Incoming! 1972 Asteroid Could Return on August 10, 2022!
Fifty years ago, on Aug. 10, 1972, our planet received a warning shot from the cosmos
It was the size of a small house, weighed 9,000 tons and was moving at 50,000 km/h. As it passed over the Grand Teton National Park, one alert tourist photographed the incandescent fireball and its long vapor trail. In less than two minutes, it had sliced through the Earth’s atmosphere and returned to space.
The slightest change of orbit during the billions of years it had been circling the sun might have sent the asteroid crashing upon any of the world’s great cities with an explosive force five times that of the bomb that destroyed Hiroshima.

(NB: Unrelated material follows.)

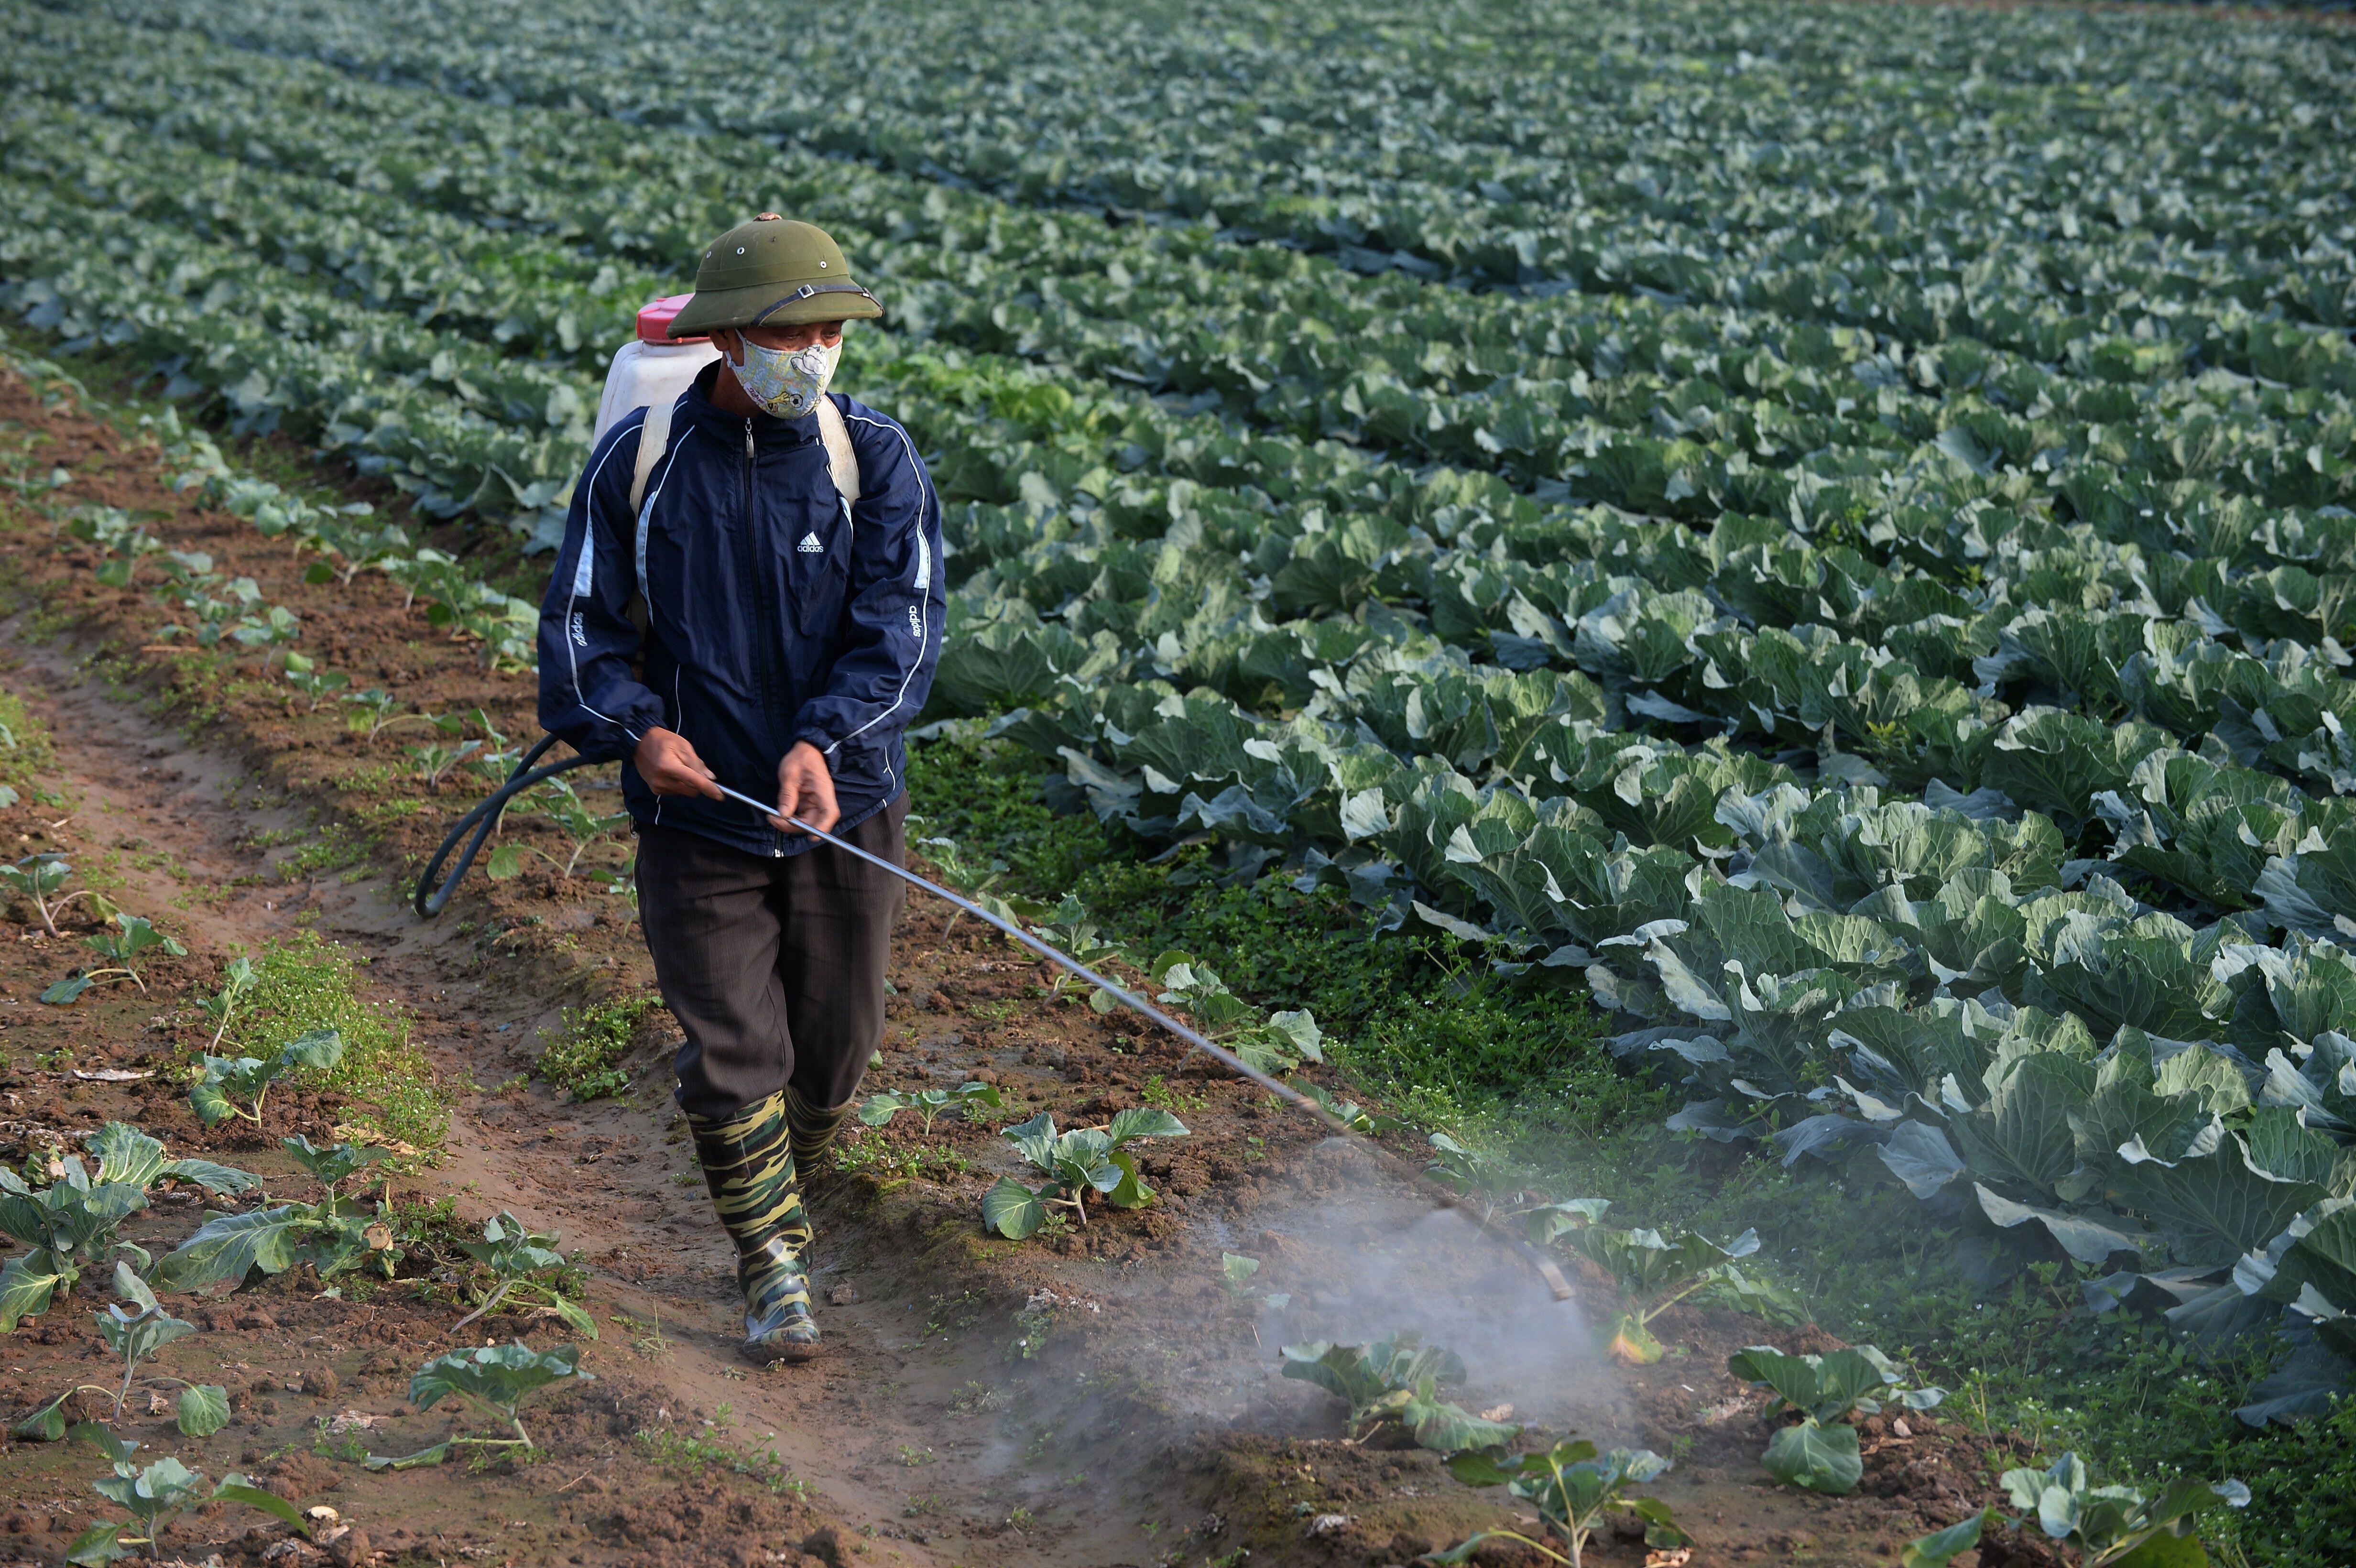 China will reduce the use of pesticides in fruits and vegetables by 10% by 2025
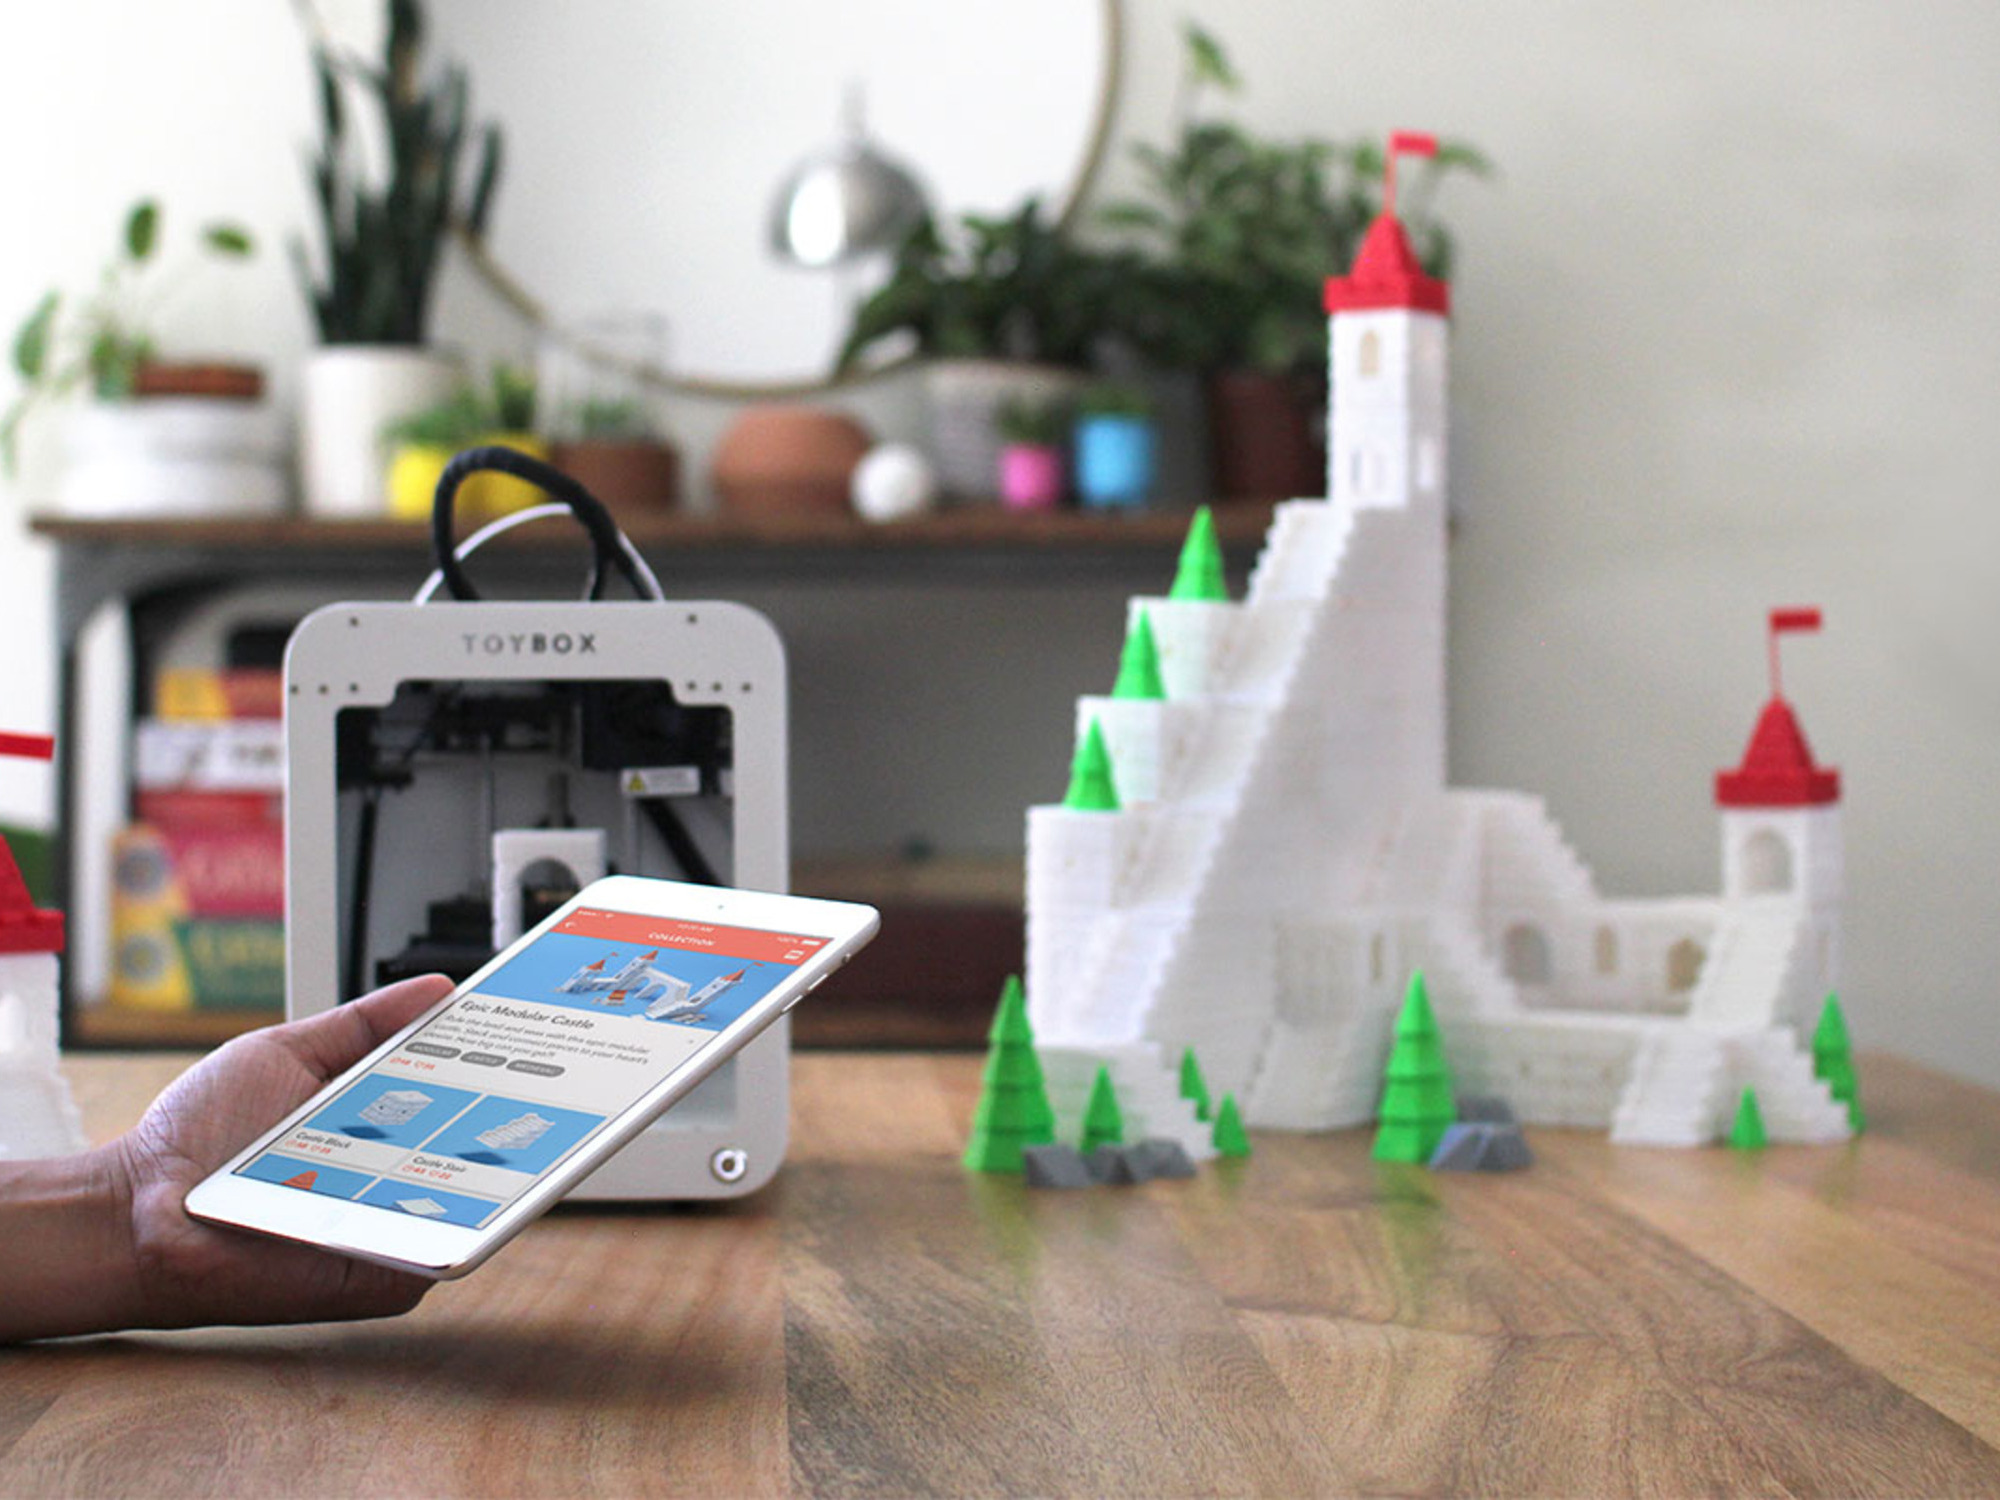 Make your own fun with this 3D Printer

The date was Aug. 10, 1972.
—Arthur C. Clarke, “The Hammer of God,” 1993
A Meteor That Missed Mountain States May Have Had Hiroshima Bomb Force
Tourists at on the eastern shore of Jackson Lake at the foot of the Tetons saw the near miss. They stopped and stared in shock as the mother of all shooting stars streaked across the sky above the jagged peaks to the west, shedding sparks and leaving a trail in its wake. I was there, a teenager on vacation with my family. The witnesses I spoke to thought it was a UFO, maybe alien visitors. But I’d recently read Philip Klass’s book “UFOs Identified” and I told them I thought it was probably a meteor. I was right, but there was a lot that I didn’t find out about it until later.
In those pre-internet days it would be a couple years, while watching Tom Snyder’s talk show with my college roommates in our dorm room, before I first got to see the photographs and a Super 8 home movie of the fireball. I also learned that it had been detected by a US government satellite. Snyder’s expert guest said it was a small asteroid that had “skipped” back out into space. He went on to say that if it had crashed into the earth, it would have exploded with the power of an atomic bomb, providing inspiration for the prologue to Arthur C. Clarke’s 1993 novel, “The Hammer of God”.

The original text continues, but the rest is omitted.